Monday, January 12, 2015

Nestler and Hellebrandt Square Off on Rules of Thumb

The question of how best to value patent licenses, whether in negotiation, for tax purposes, or for purposes of calculating damages, is a tough one.  In theory, it makes economic sense to assume that the parties to the license would have agreed to some sort of split of the profits to be earned from the use, but of course reality may be different.  For administrability reasons, the parties themselves may prefer some sort of heuristic, based on comparable licenses or industry-wide standard rates; and in litigation comparables sometimes may be a reasonable indicator of the value of the "license" the infringer has taken.  Moreover, if we are to base royalties on a percent of the profit (real or expected), what should we assume that percent to be--and how confident can we be that only the profit derived from the infringement, and not from other factors, will be used as the base?  On the other hand, what if there are no (very similar) comparables to be had?  Are industry-wide rights an accurate enough guide for all inventions (which seems quite doubtful to me), or only some (and if so, which ones)?

In the German press, Anke Nestler and Ortwin Hellebrand recently have expressed competing views on these issues.  Regarding Dr.
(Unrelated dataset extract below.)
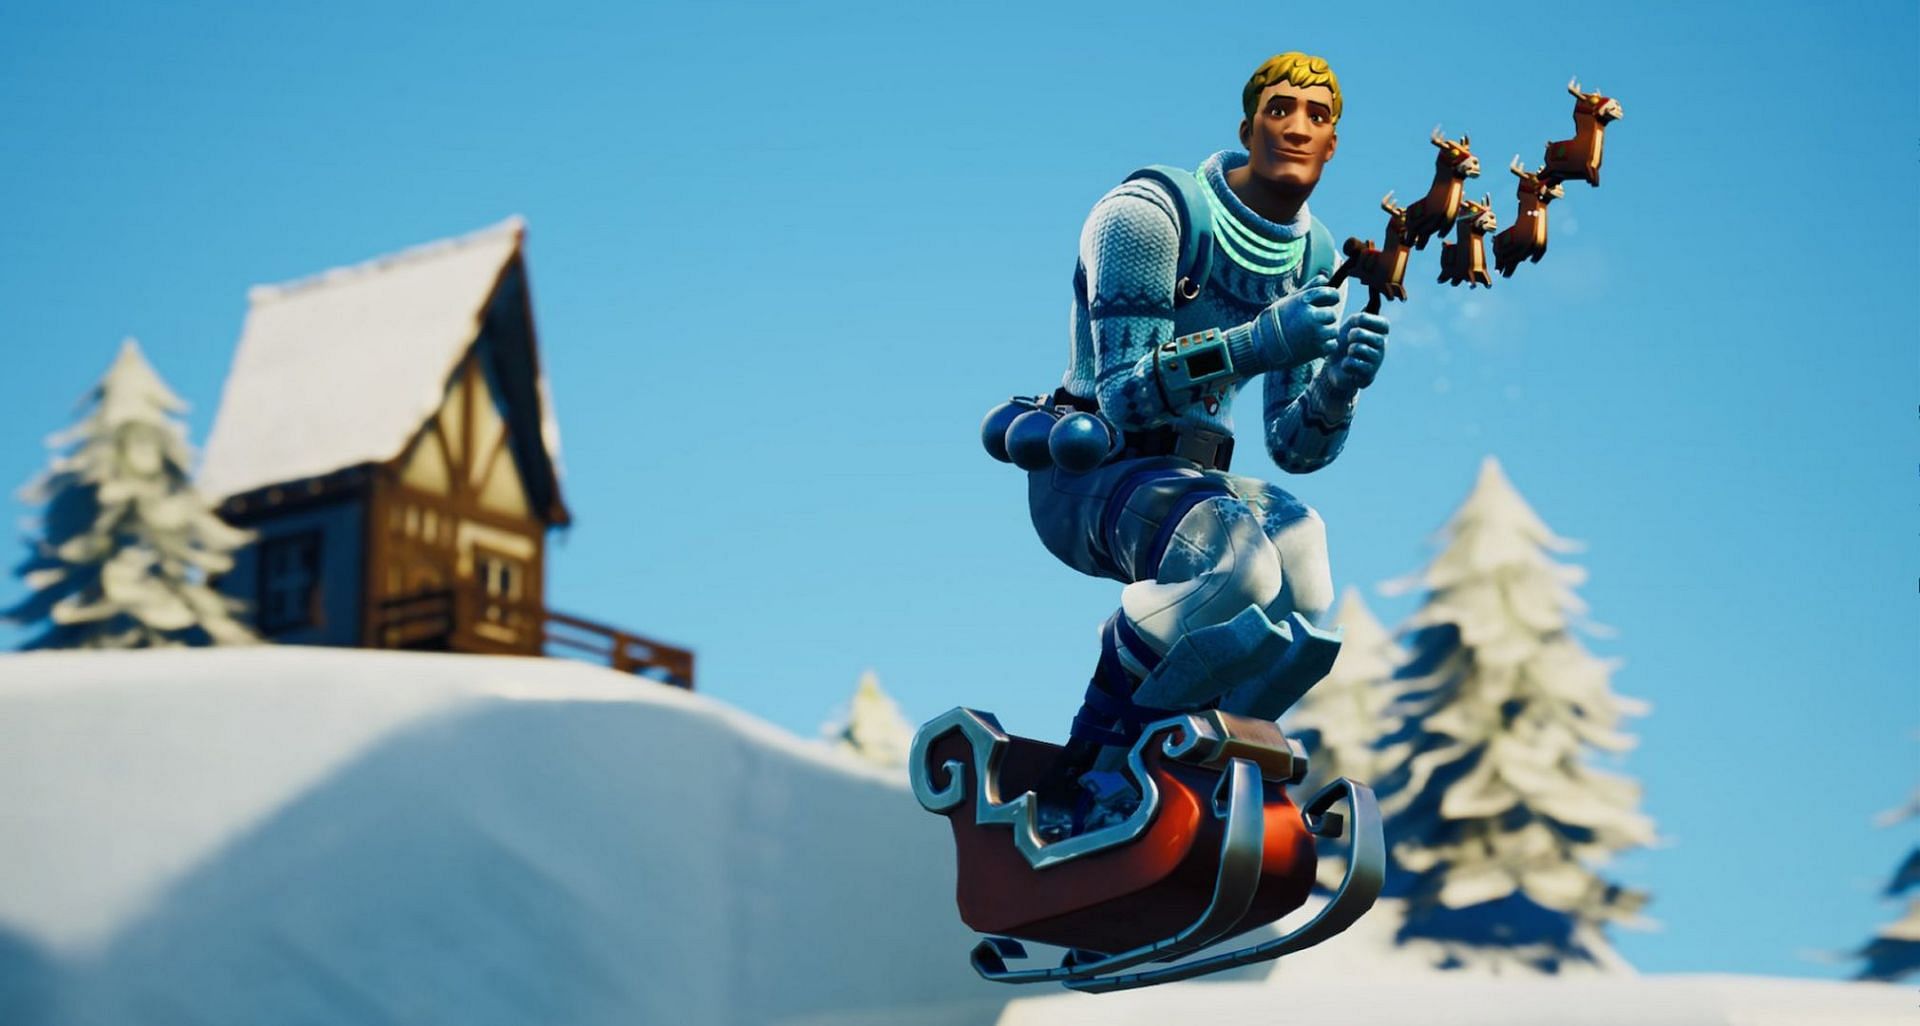 Winter is here to stay for good in Fortnite Chapter 3 (Image via Twitter/KulieHS)

Nestler, in September, I posted this:
Anke Nestler has published an article titled Die Ableitung von angemessenen Lizenzsätzen aus öknomischer Perspektive ("The Derivation of Royalty Rates from an Economic Perspective") in the June 2014 issue of Mitteilungen der deutschen Patentanwälten (pp. 262-66).  Here is the abstract:
In third-party licensing practice the licensing parties often orient themselves towards the licensee's expected future profits and split this between themselves within the framework of license negotiations.  This policy is economically sensible.  The derivation of reasonable royalty rates should be based on business analysis.
(According to footnote *, the article is a slightly modified version of an article originally published in Betriebs Berater 2013, 2027-29.)  The author argues that a 25-33% division of expected profits from the use of a patent, converted into a running royalty based on a percentage of turnover, can be a useful guideline--not a hard and fast rule, as rejected in the Federal Circuit's 2011 Uniloc decision--taking into account all other relevant considerations such as the parties' preferences for risk-sharing, the expected contribution of other patents or trademarks to the product's profitability, and so on.  The author cites a 1972 work by Knoppe, Die Besteuerung der Lizenz- und Know-how-Verträge, throughout as approving such an approach. 
An English-language translation of Dr. Nestler's Betriebs-Berater article is available here.
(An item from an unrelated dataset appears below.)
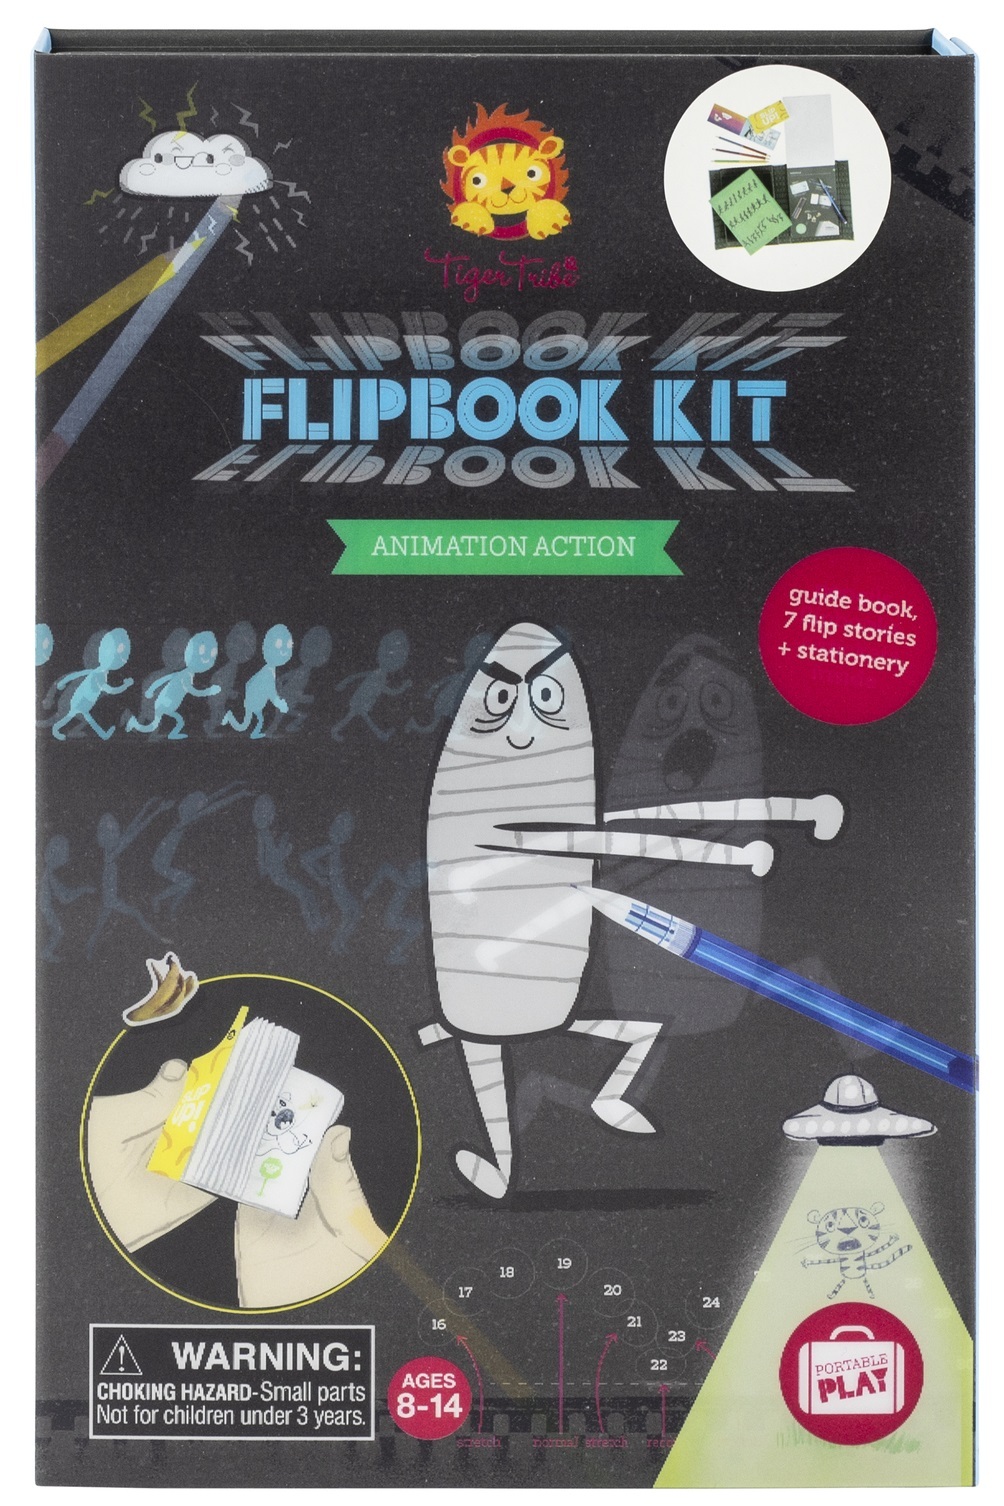 Buy Tiger Tribe - Flipbook Kit - Animation Action

In response, Mr. Hellebrand published Ableitung von angemessenen Lizenzsätzen aus öknomischer Perspektive?  Eine Erwiderung ("Derivation of Royalty Rates from an Economic Perspective?  A Response") in the November issue of Mitteilungen der deutschen Patentanwälten (pp. 494-97).  Here is the abstract (as above, in my translation from the German):
Market-standard royalty rates delineate the freedom to set license fees within the competitive environment of a market for technical products in a manner that is more accurate and more reflective of market realities than does a profit split of the EBIT (earnings before interest and taxes) of a single licensee, even when the latter is refined vis-a-vis the Knoppe [rule-of-thumb] formula by the licensing firm's analysis for the planned use.
As suggested by the abstract, Dr. Hellenbrand believes that market-standard rates are more likely to accurately reflect the value of the technology, and to be more administrable in practice.